Whereas the notion of phenomenology had been proposed by philosophers also preoccupied with religion, such as J. H. Lambert (1721–71), I. Kant (1724–1804), and G. W. F. Hegel (1770–1831), the contemporary notion of phenomenology of religion refers to a specialized field within the academic study of religion. The origins of this field go back to the Belgian historian of religion P. D. Chantepie de La Saussaye (1848–1920). Referring to Hegel’s work (which includes the Phenomenology of Mind), he divided the science of religion into the history of religion and the philosophy of religion. With respect to the latter, he wanted the phenomenology of religion to not only avoid dogmatics, but to systematically order the main groups of religious phenomena according to the feature of the historical material. The most decisive breakthrough in the field has been due to the work of the Dutch professor of religious history, Gerardus Van der Leeuw who, in 1924, suggested phenomenology of religion to be a special method for the history of religion. Since then, the phenomenology of religion has produced, on the one hand, a series of ‘monumental’ contributions which provide systematic overviews on a broad variety of religions, or, on the other hand, monographs on typically basic features of single religious phenomena. Therefore, topics of the studies include general issues, such as the distinction between the ‘sacred,’ and the ‘profane,’ the ‘numinous’ or the experience of power, and on the other hand comparative studies on more specific religious phenomena, such as prayer, piety, or religious ceremonies. In the 1950s, phenomenology of religion became increasingly established in the academic studies of the history of religions, so that it became institutionalized as a specialized branch within Religionswissenschaft, Comparative Religion or Religious Studies. Although one should not ignore Britain (James 1938) and France (the Rumanian scholar’s Eliade’s (1949) first important book has been published in French), the main centers of development have been The Netherlands, Germany, Scandinavia, Italy, and North America (cf. Pettersson and Akerberg 1981).

2. Approach And Method

Phenomenology of religion differs from theology as well as from other specialized disciplines preoccupied with religion (philosophy, sociology, psychology, etc.) by its history and its method. Historically, phenomenology of religion opposed positivist and evolutionist approaches to religion by integrating historical knowledge of the facts with phenomenological methods. Whereas the sociology of religion, which developed almost simultaneously, focused on the external, public aspects of religion, the phenomenology of religion turned towards the essential aspects and started systematically to classify religious phenomena.

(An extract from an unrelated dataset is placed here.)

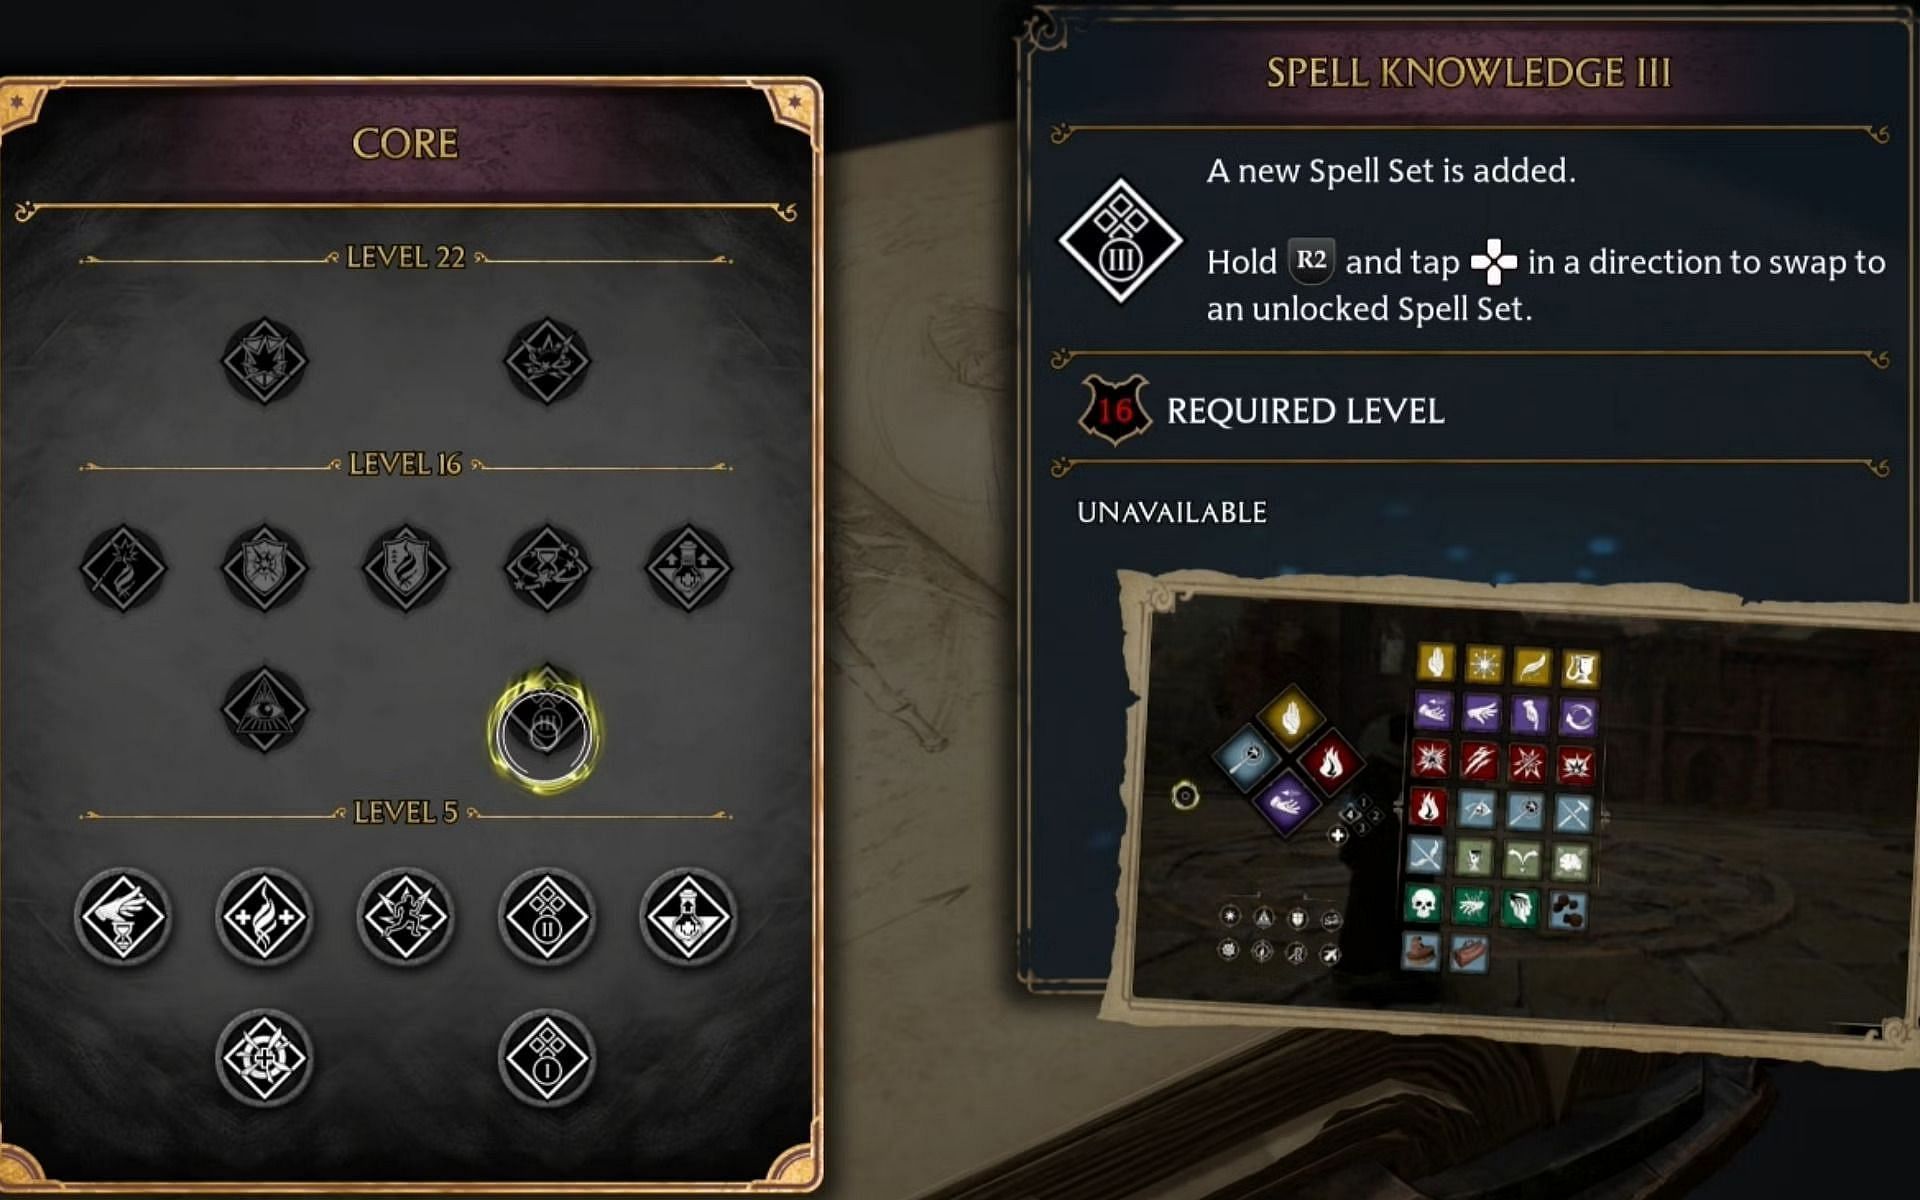 Spell Knowledge III enables players to have four spell sets (Image via WB Games)

2.1 Descriptive Phenomenology Of Religion

Phenomenology of religion draws on the impressive amount of data collected by the history of religion, but also on data collected by sociology, anthropology or the psychology of religion. Therefore, it can be said to be empirical. The basic method of descriptive phenomenology is the comparison of religious phenomena. It assumes that religious phenomena are comparable across different cultures and religions, and that the comparison does not only yield generalizable features but allows us to grasp the general features of religion. In analyzing the empirical forms of historical religions, phenomenology of religion tries to abstract from specific religions, and to then develop ideal types of religious phenomena, such as ‘sacrifice,’ ‘fetish’ or ‘mysticism,’ ‘prophecy,’ ‘priest,’ or ‘cult.’ Therefore, it can be said to be systematical. In order to pursue this task, phenomenology is considered to provide the method for finding the common denominators covering the diversity of empirical data. Religious phenomena include manifestations of the sacred, such as sacred places, mountains, buildings, active realizations of the sacred, such as rituals, prayers, holy words, religious beliefs, such as relevation, redemption, transcendence, and experiences, such as vision, ecstasy, or miracles.

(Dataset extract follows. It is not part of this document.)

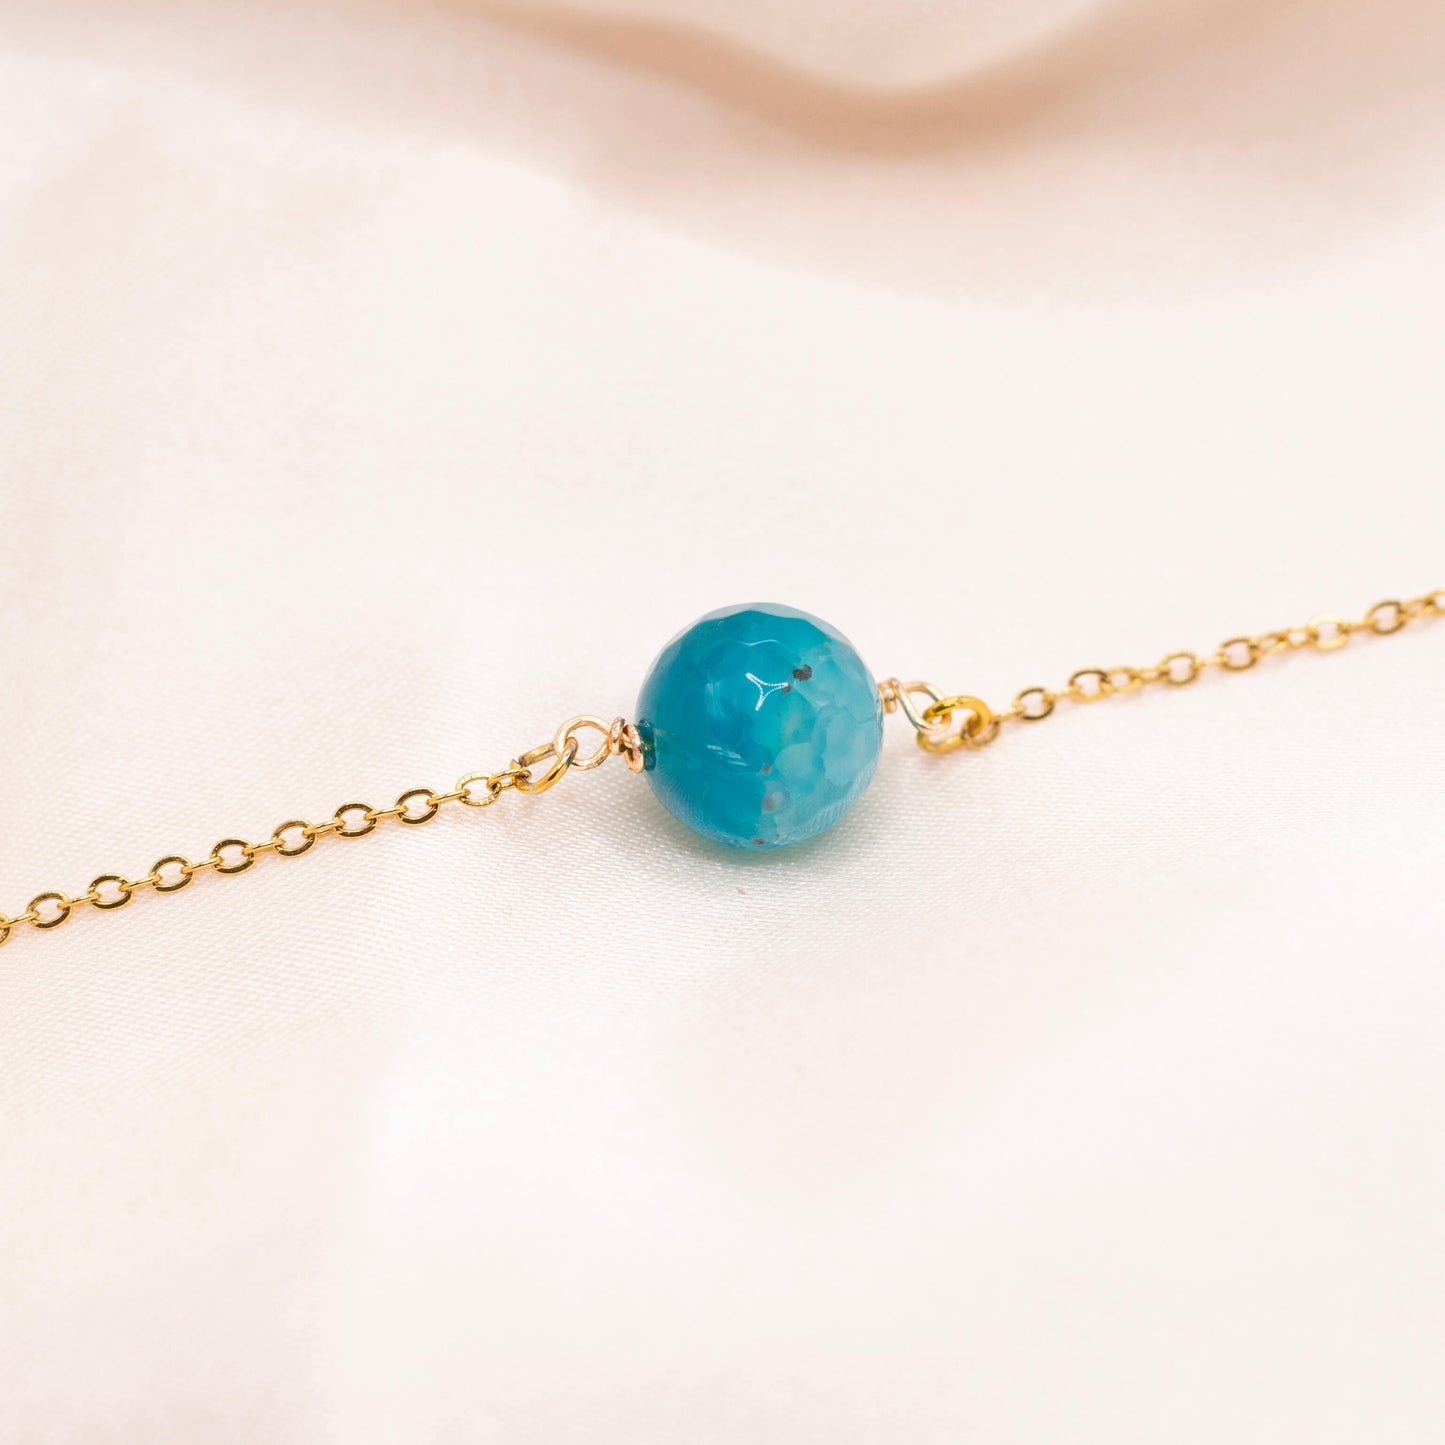 Blue gemstone bead necklace with dainty, gold-plated stainless steel chain.

The data on these phenomena are not to be observed from an external point of view, as in most sciences of religion. On the contrary, phenomenology of religion is nonreductionistic in identifying the specifically religious features of religious data. This is the reason for turning to philosophical phenomenology that is expected to analyze the meaning of religion to the person. At the basis of phenomenology of religion lies the analysis of religious experience rather than religious ideas, the beliefs, or morals. The accentuation of the lived experience may be one of the most important contributions of phenomenology to the study of religion.

Basically, religion is the opposite of phenomena: religion posits what it believes to be as existant, whereas phenomenology brackets exactly this belief in order to investigate how it may be constituted by consciousness. Thinking of others, in religion (or parapsychology), gets close to telepathy (think of the dead), in phenomenology, the others are but constructions. Almost simultaneously, J. W. Hauer developed a phenomenology of religion mainly on the basis of data on illiterate cultures. Among the major contributors to phenomenology of religion one has to mention Allen, Bleeker, Bollnow, Hultkrantz, Kristensen, Lanszkowski, Pettazzoni, Wach, Waardenburg, Widengren, etc.

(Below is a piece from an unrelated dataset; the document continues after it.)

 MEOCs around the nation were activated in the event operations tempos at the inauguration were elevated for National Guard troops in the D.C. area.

2.2 Phenomenological Methods

Whereas the descriptive and typological branch of the phenomenology of religion remains silent about the methods by which it arrives at results, the phenomenological branch is characterized by additional methodological considerations that are based in philosophical phenomenology.

From the perspective of phenomenological philosophy, experiences are the processes by which consciousness is constituted. As consciousness is always intentional, i.e., consciousness of something, experiences, too, are characterized by intentionality, i.e., the fact that they are related to something else. Also religious experience is experience of something. To give an example: as Chantepie de La Saussaye has already stressed, it is only the meaning of the act that allows us to distinguish between the sacrificial priest and the butcher.

In order to arrive at the meaning of religious experience, Husserl recommended to perform what he called ‘epoche’: the bracketing or suspension of all our unexamined assumptions, preconceptions, and prejudices about the phenomena under consideration. In performing the epoche, analysts are expected to turn ‘to the things themselves,’ i.e., to the phenomena as they are experienced. That is to say that phenomena, such as visions, auditions, or miracles, are to be understood according to the (‘religious’) meanings they have about the experiencing consciousness and not according to, e.g., a neutral scientist’s observations. As an additional method, religious phenomena, such as ‘snake symbolism,’ can be made subject to ‘free variation’: by mentally varying aspects of this symbol, one attempts to arrive at the essential features of the ‘Wesensschau.’ On the basis of these methodological operations, descriptions of the phenomena are considered to yield typical structures, essential meanings or even the ‘eidos’ of religious phenomenon.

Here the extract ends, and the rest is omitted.